What prevents China–Japan–South Korea integration

Meanwhile, this topic was the focus of a meeting of the Foreign Ministers of the three countries held six months earlier at Busan, South Korea. And even the date (late May) of the expected Summit was more or less certain a month or two ago. But, pursuant to the same commentary, during the negotiations held in Beijing, an agreement was reached only with respect to holding (also “at the end of May”) some trilateral business forum in Seoul. With regard to the Summit only the readiness of the Republic of Korea to provide it with organizer services was mentioned.

It should be noted that the very fact of the gradual (since the late 1990s) formation of the “China–Japan–South Korea” platform fit into the generally positive mood of the 2000s (and early 2010s) on the prospects for the development of the global political puzzle, whose focus already began to move to the Indo-Pacific region. However, at the turn of the 2020s, processes of such a negative nature have emerged that nowadays those previous sentiments are merely remembered “like a dream of times that never were.” In particular, the representation of the People’s Republic of China at the 2019 Summit by the then Prime Minister, rather than Chinese President Xi Jinping, was viewed as an alarming sign.

In the past six months alone, since the Busan meeting mentioned above, a number of events were held in the IPR that have contributed to further aggravation of the situation in the region as a whole and in the South China Sea in particular, as well as to the continuing tensions around Taiwan.

Who is the target of the emerging tripartite alliance of Washington, Tokyo and Manila

It is worth noting first of all the first US–Japan summit in Washington, DC, in April 2024, which later became a trilateral event but with the Philippines joining its ranks instead of South Korea. And if the outcome of the US–Japan summit continued the more than half-century-old (i.e., quite “usual”) course of comprehensive strengthening of the said bilateral alliance, the actual inclusion of the Philippines has become the most remarkable innovation in the nature of the regional developments.

This trend, very significant in and of itself, was also confirmed in the innovations to the scenario of the annual US–Philippines military exercise Balikatan held from April 22 to May 10 in the South China Sea. Its geography went beyond Philippine territorial waters for the first time, and the scenario involved simulating (also for the first time) offensive amphibious operations on islands disputed by Beijing and Manila. The possibility of landing troops (again, the US–Philippine’s troops) in Taiwan was also simulated. The list of US weapons involved in the exercise included (also for the first time) medium-range missiles. The need for their “forward deployment” in the Indo-Pacific region has been discussed in the US Armed Forces leadership for quite some time.

The emergence of all these alarming innovations is accompanied by propaganda about the “growing Chinese military threat.” Which is understood mainly (but not only) as a quite natural upgrading process of the armed forces of the second world power. And that despite its (Chinese military) budget being three times smaller than that of the US Armed Forces.

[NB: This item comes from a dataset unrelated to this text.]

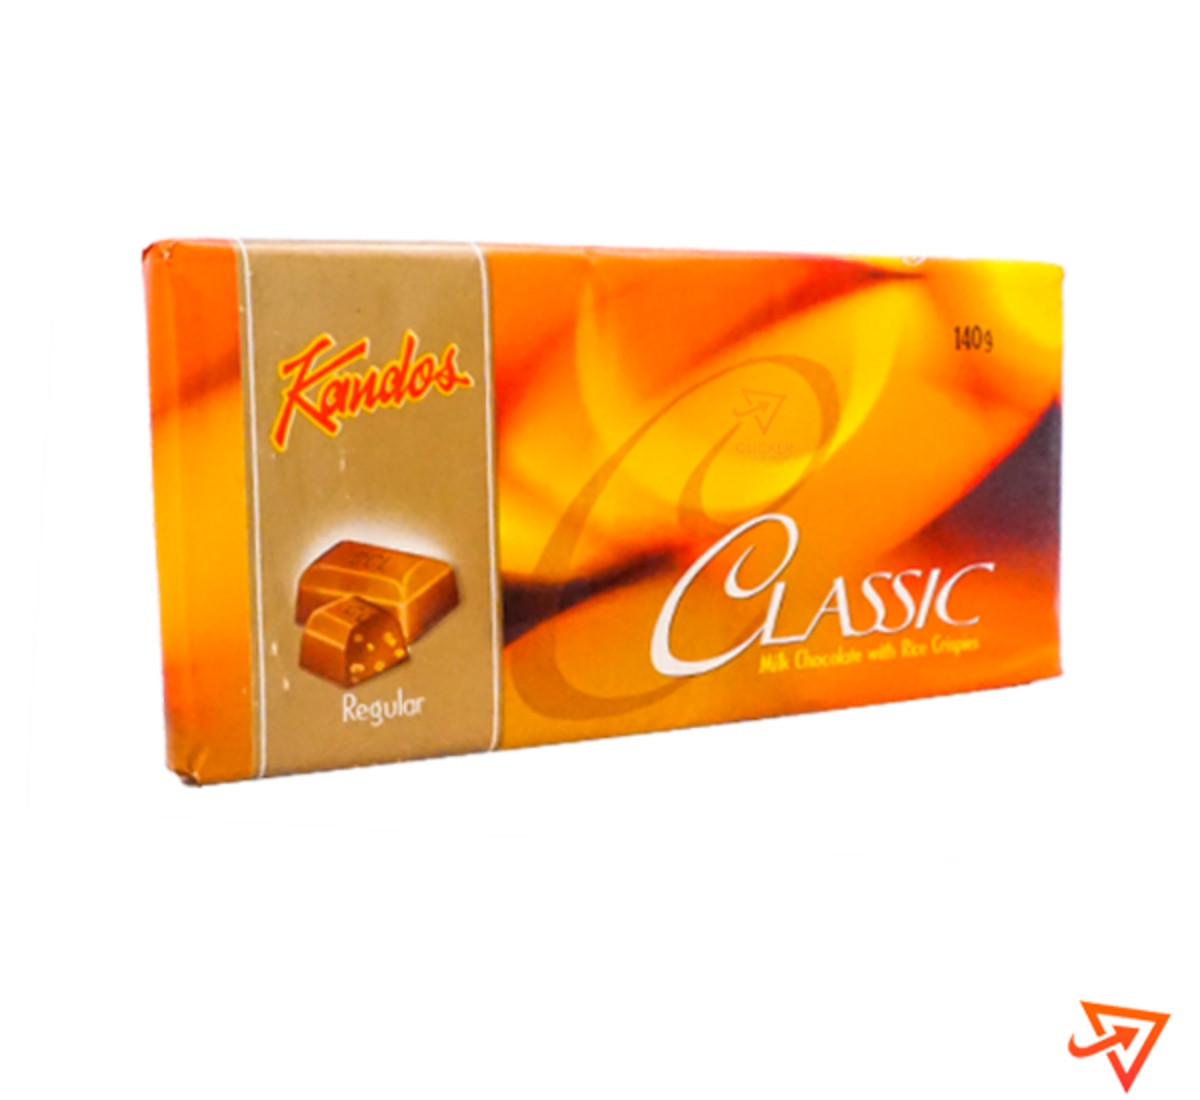 Clicker product 140g Kandos Classicmilk chocolate with rice Crispies Regular Flavour 1158

As a response to the above propaganda cliché, the “American expansionism” in a region 10-15 thousand kilometers away from the US coast is usually lambasted. It is worth noting, however, that global powers, which today’s China definitely is, are wont to exercise their strategic posturing on the world stage in one way or another.

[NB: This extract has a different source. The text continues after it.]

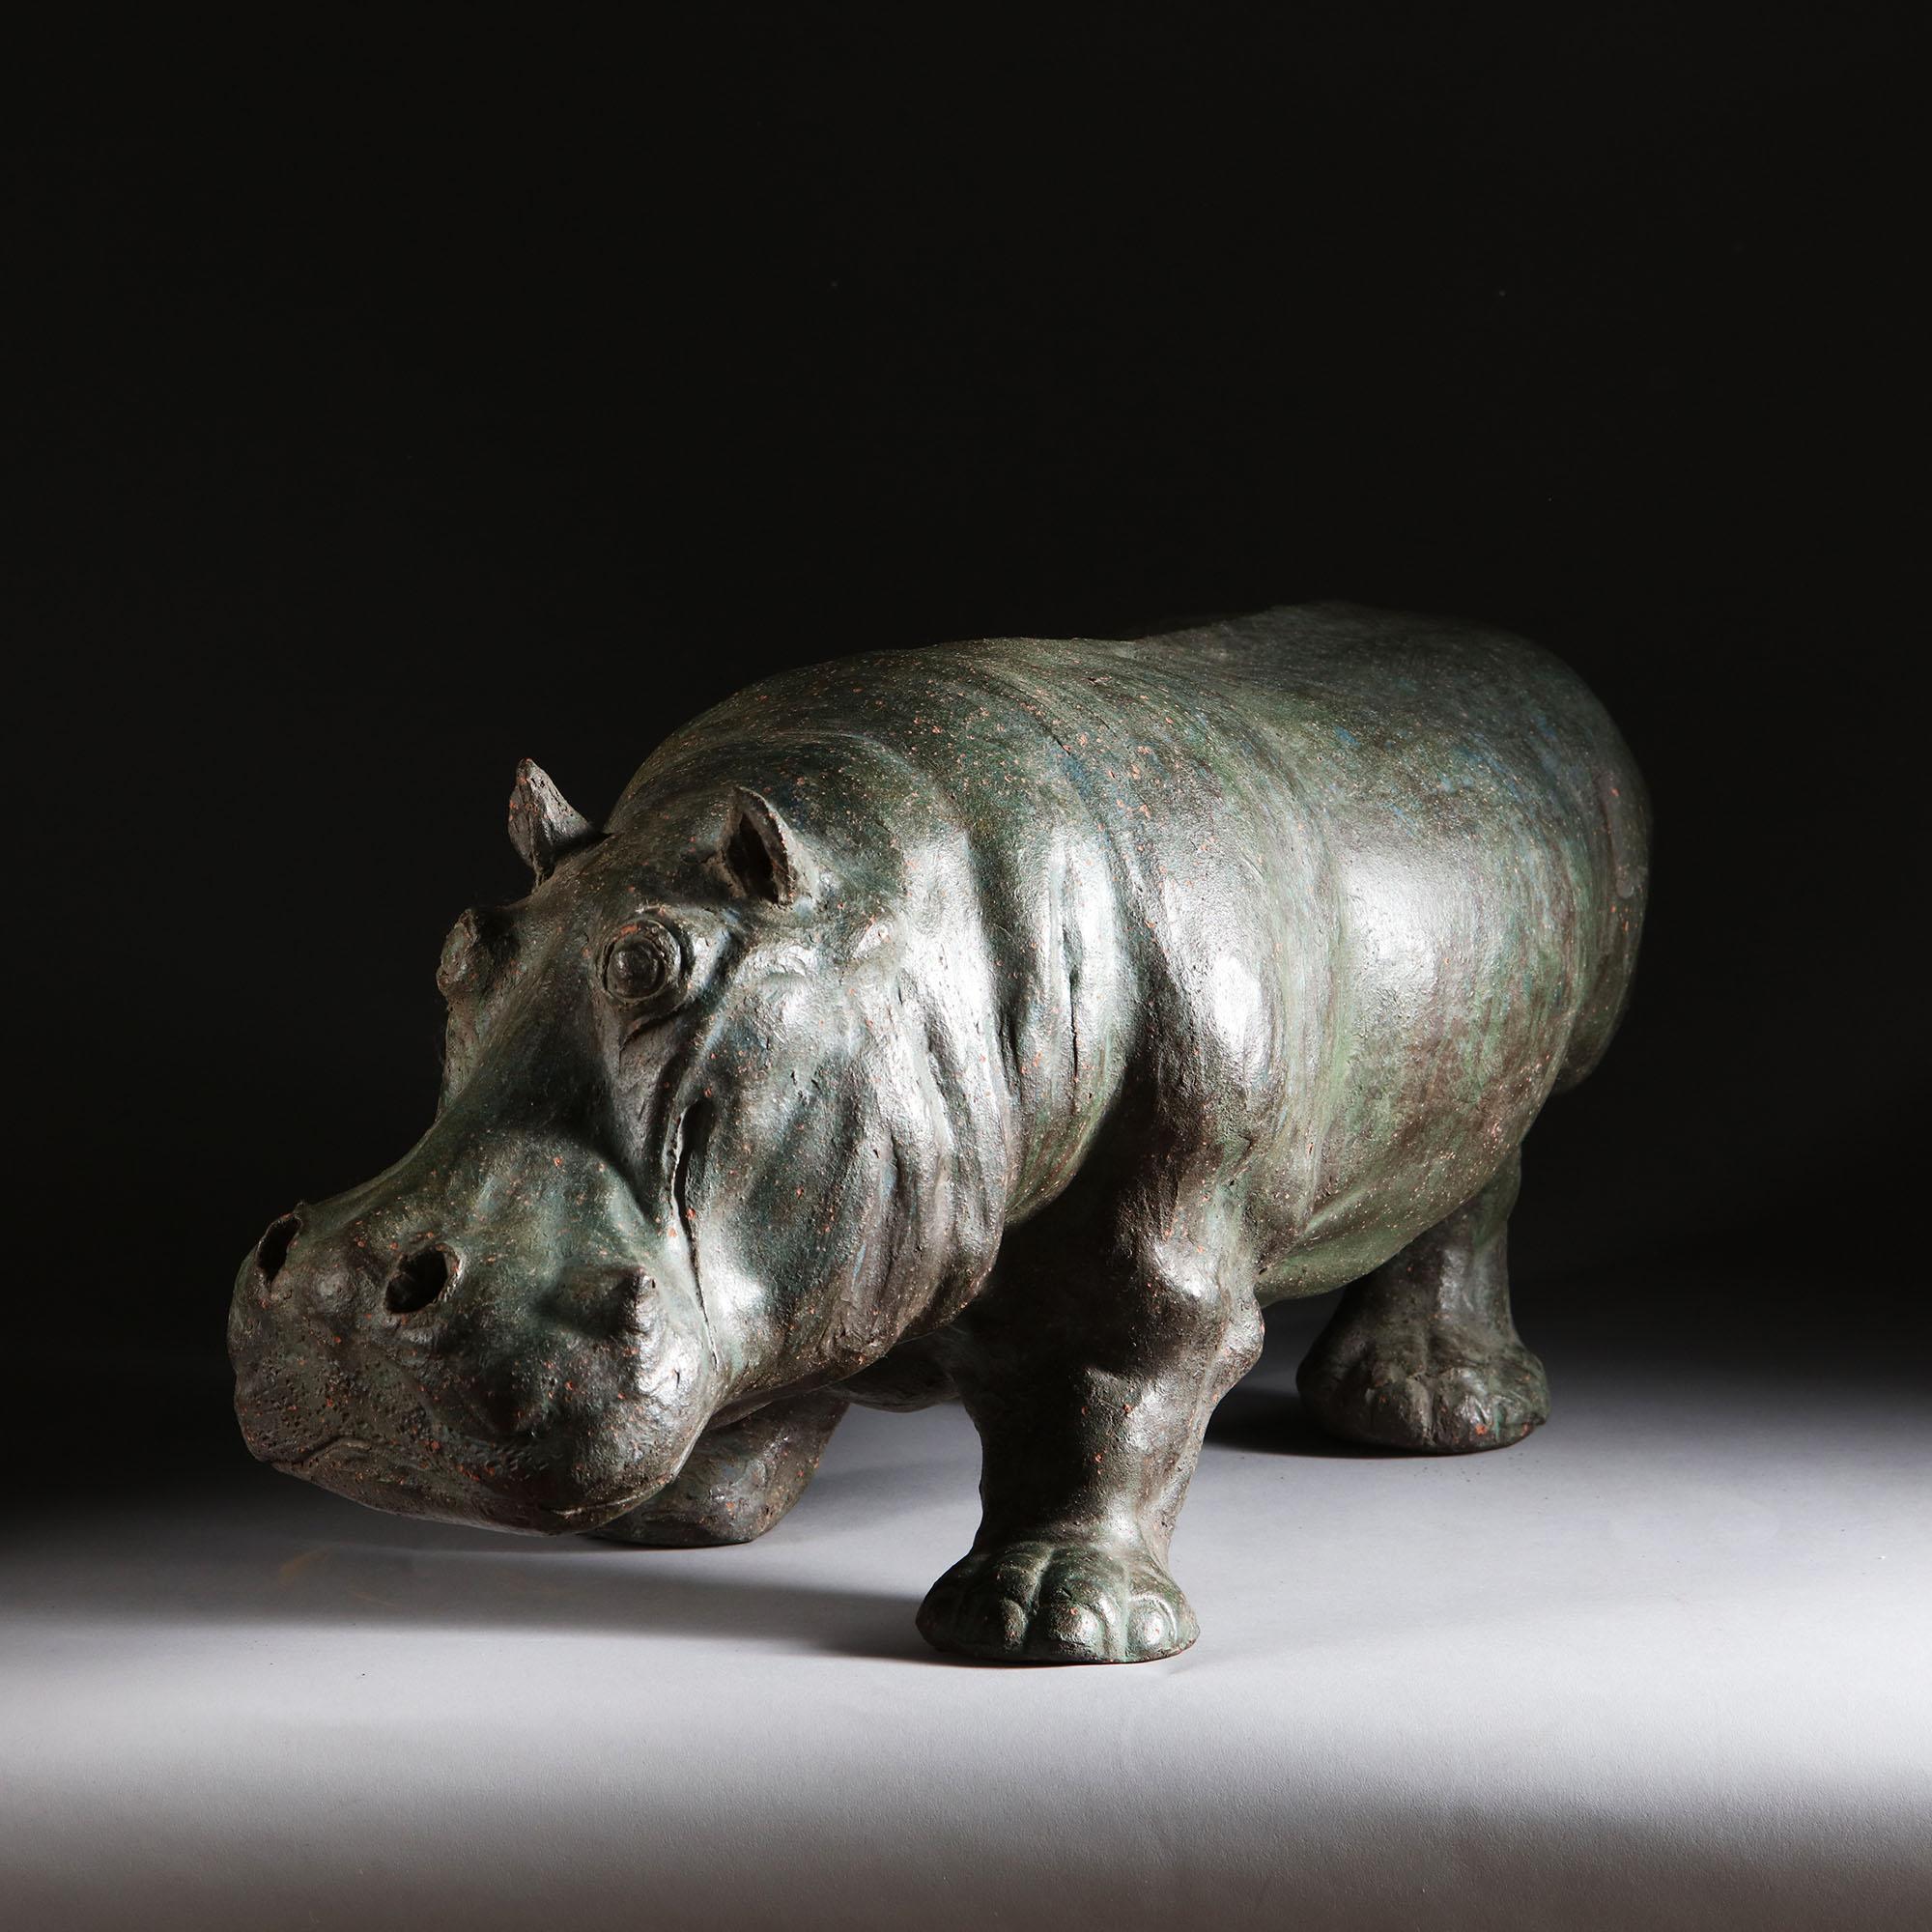 A late 19th century Chinese terracotta model of a hippopotamus, patinated to simulate bronze.

In the case of the Balikatan exercise, the fact that the US Armed Forces came to the Philippines at the invitation of the country’s leadership, which has been headed by President Ferdinand Marcos Jr. since mid-2022, is significant. However, during his election campaign Marcos Jr. showed no hints of his current overtly pro-American (and increasingly pro-Japanese) foreign policy course.

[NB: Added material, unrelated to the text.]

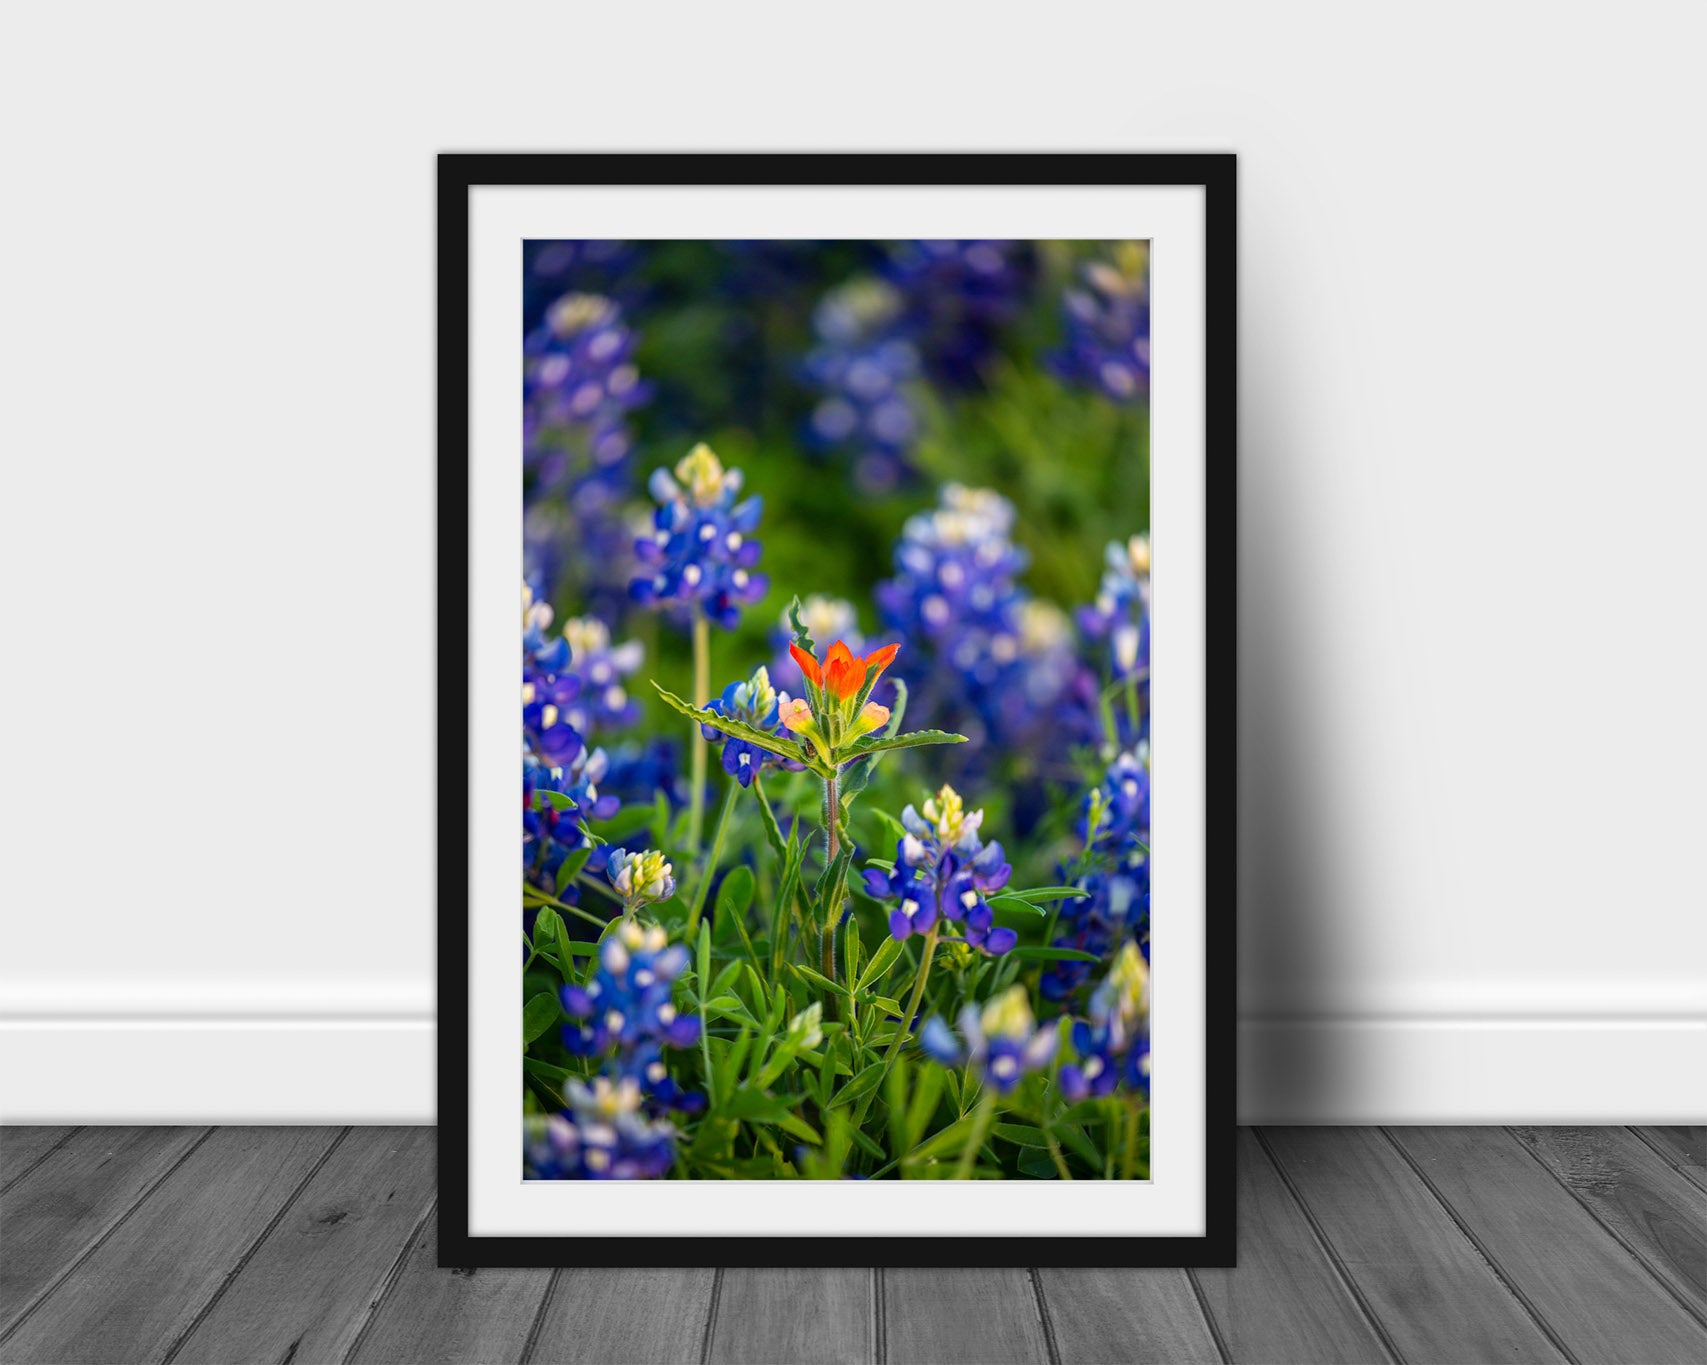 Vertical framed flower photography print with optional mat of an individual Indian paintbrush wildflower standing out amongst bluebonnets on a spring day in Texas by Sean Ramsey of Southern Plains Photography.

The position of Japan, that is, again, a participant in the trilateral configuration with the Republic of Korea and China, is becoming more and more distinctly oppositional, if not confrontational, towards the latter. On the world stage in general, and in the Indo-Pacific region specifically, Tokyo acts mainly and so far jointly with Washington. The above-mentioned summits were another evidence of this matter. One of the main topics of the negotiations between President Joe Biden and Prime Minister Fumio Kishida at the time was the plans to improve the management of joint operations between the US Armed Forces stationed in the Pacific and the Japan Self-Defense Forces.

Also, of note was the announcement of the imminent departure to the Marshall Islands of a group of Japanese Navy and Border Guard ships. It cannot but evoke associations with the events of 80 years ago, when the issue of control over the waters of the Sanaa became a fierce armed struggle. The difference is, today both major former enemies stand against China. Beijing, on its part, is also taking a keen interest in the processes going on here.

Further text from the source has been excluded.